:: YOUR ASSIGNMENT ::
Could you give again exactly, and only, the lines from the one holding "INFINITI of Cool" through the end of the data, both ends included, with pictures left out?

:: PROVIDED MATERIAL ::

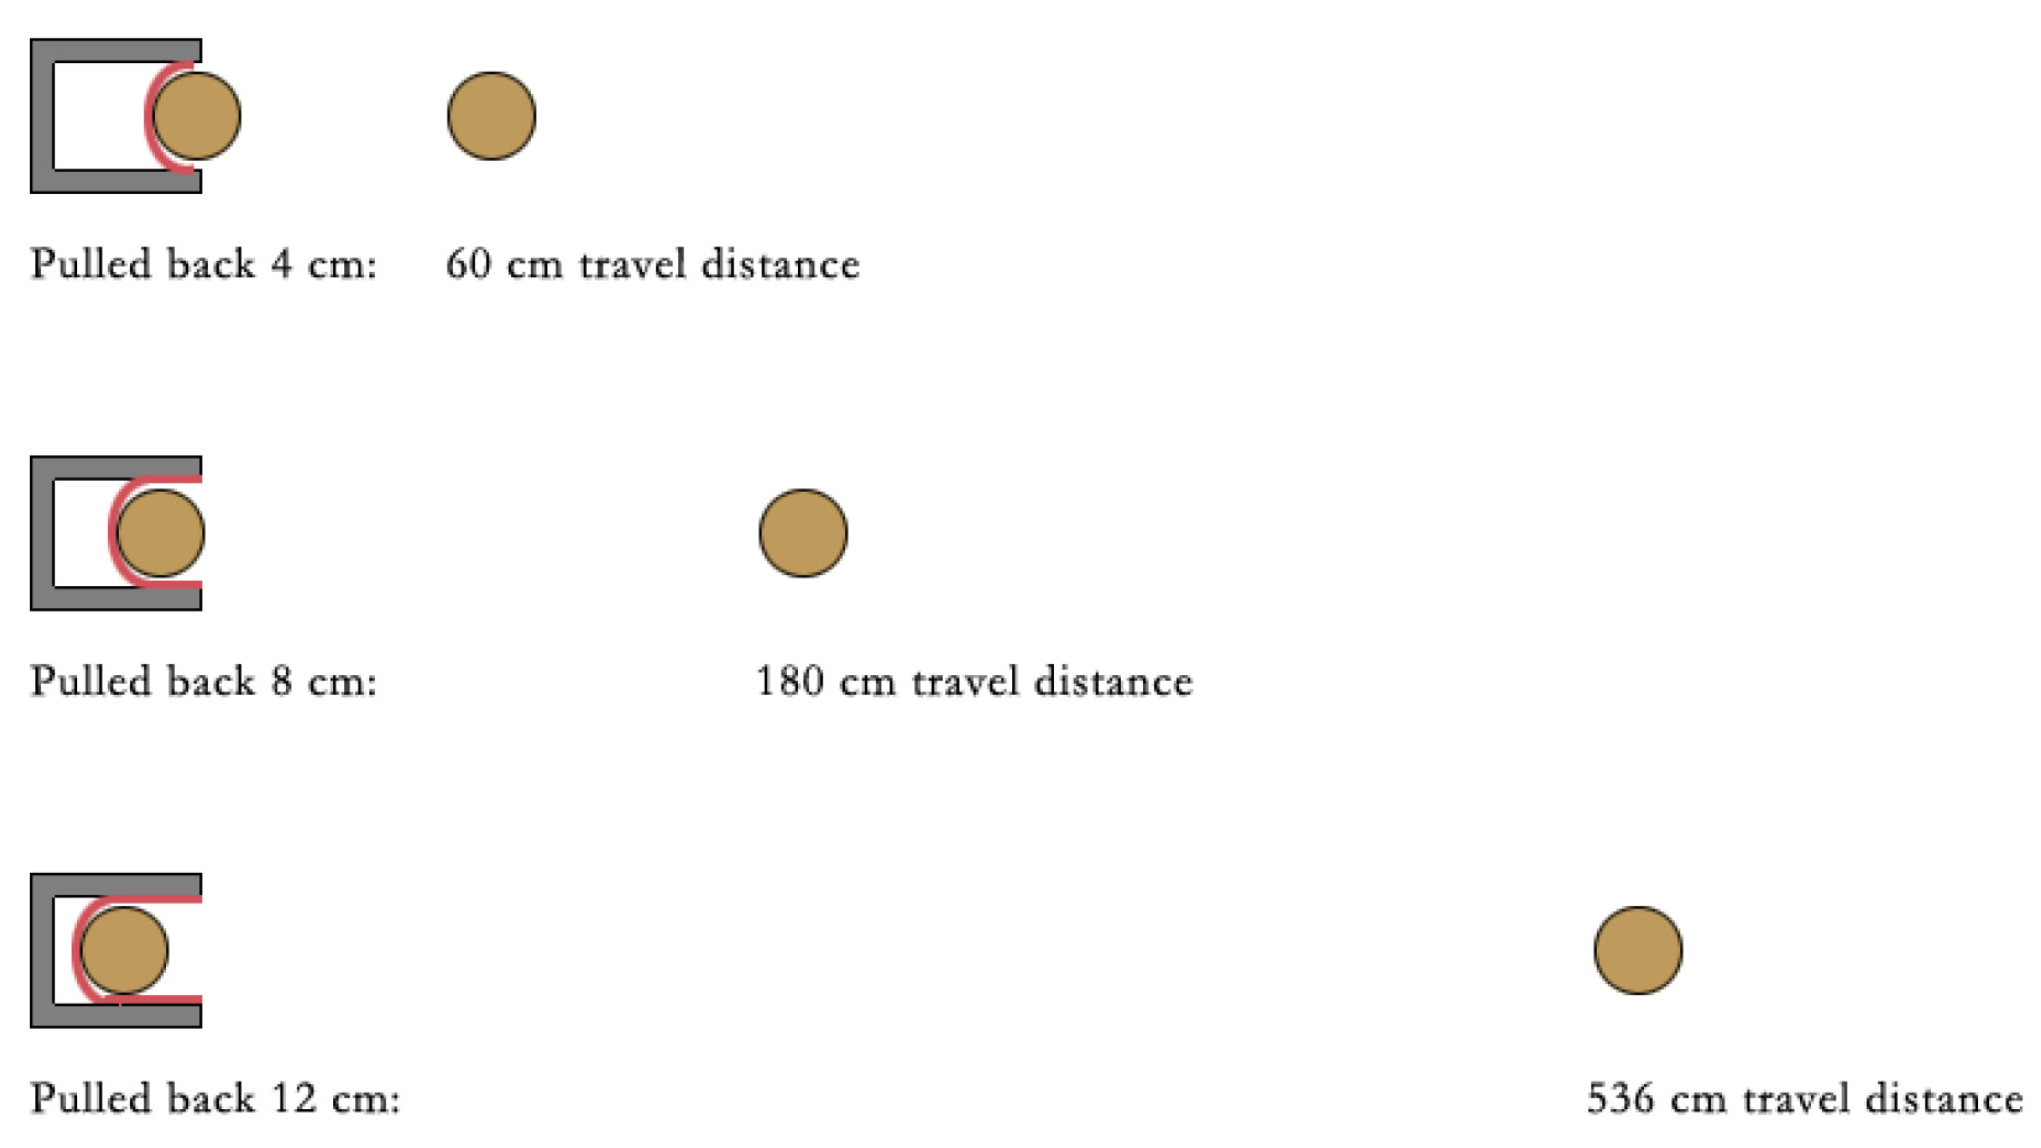 Figure 3 Drawings of disk for different distances pulled back.
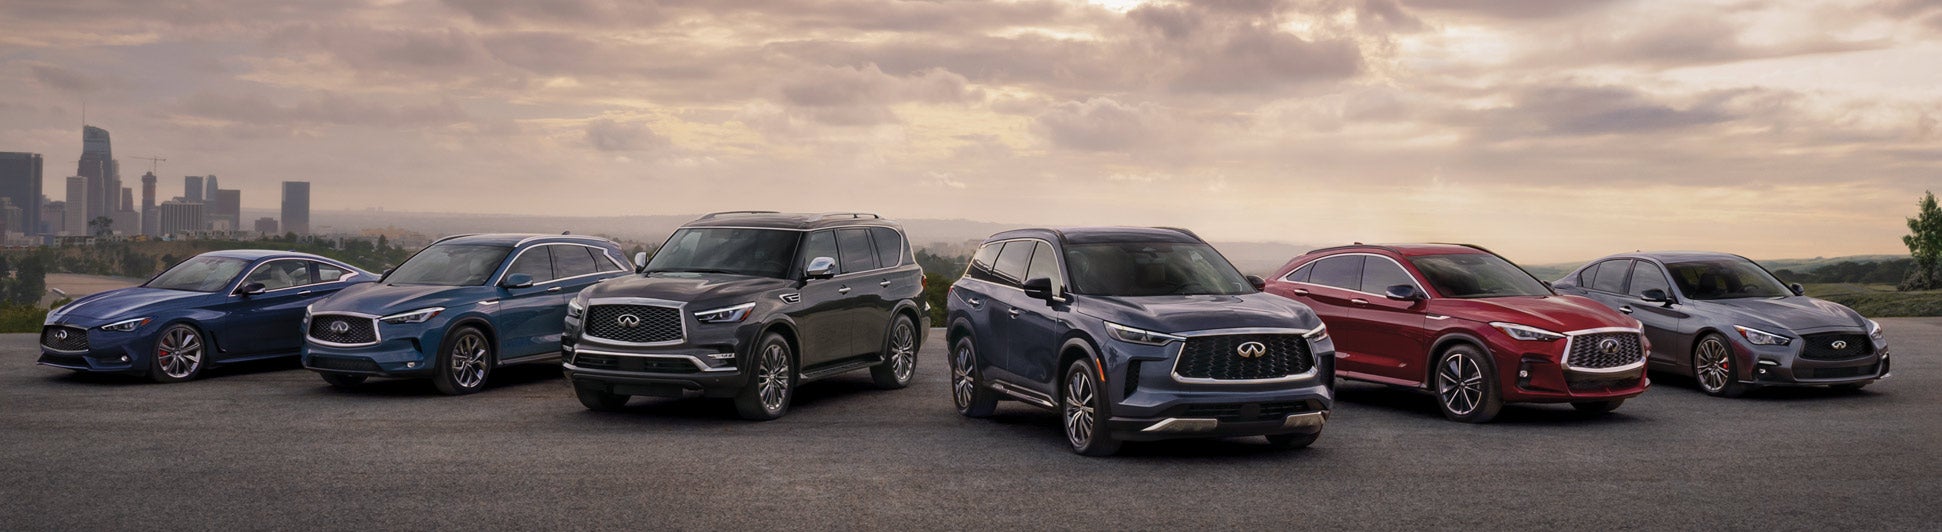 INFINITI of Cool Springs is a premier destination for all your INFINITI needs. We stock one of the largest inventories in the area and provide exceptional customer service!
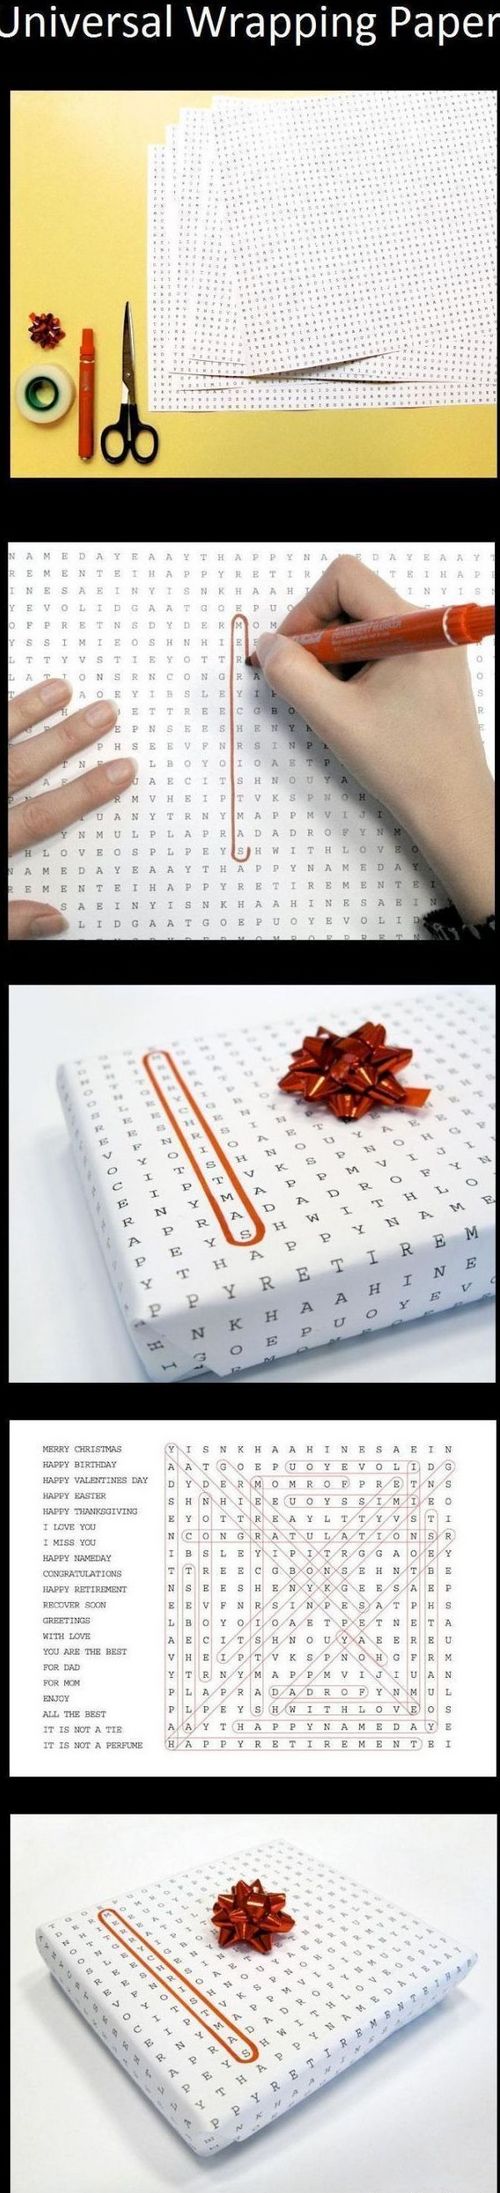 Funny Picture - Universal Wrapping Paper

:: WRITTEN ANSWER ::
 INFINITI of Cool Springs is a premier destination for all your INFINITI needs. We stock one of the largest inventories in the area and provide exceptional customer service!
 Funny Picture - Universal Wrapping Paper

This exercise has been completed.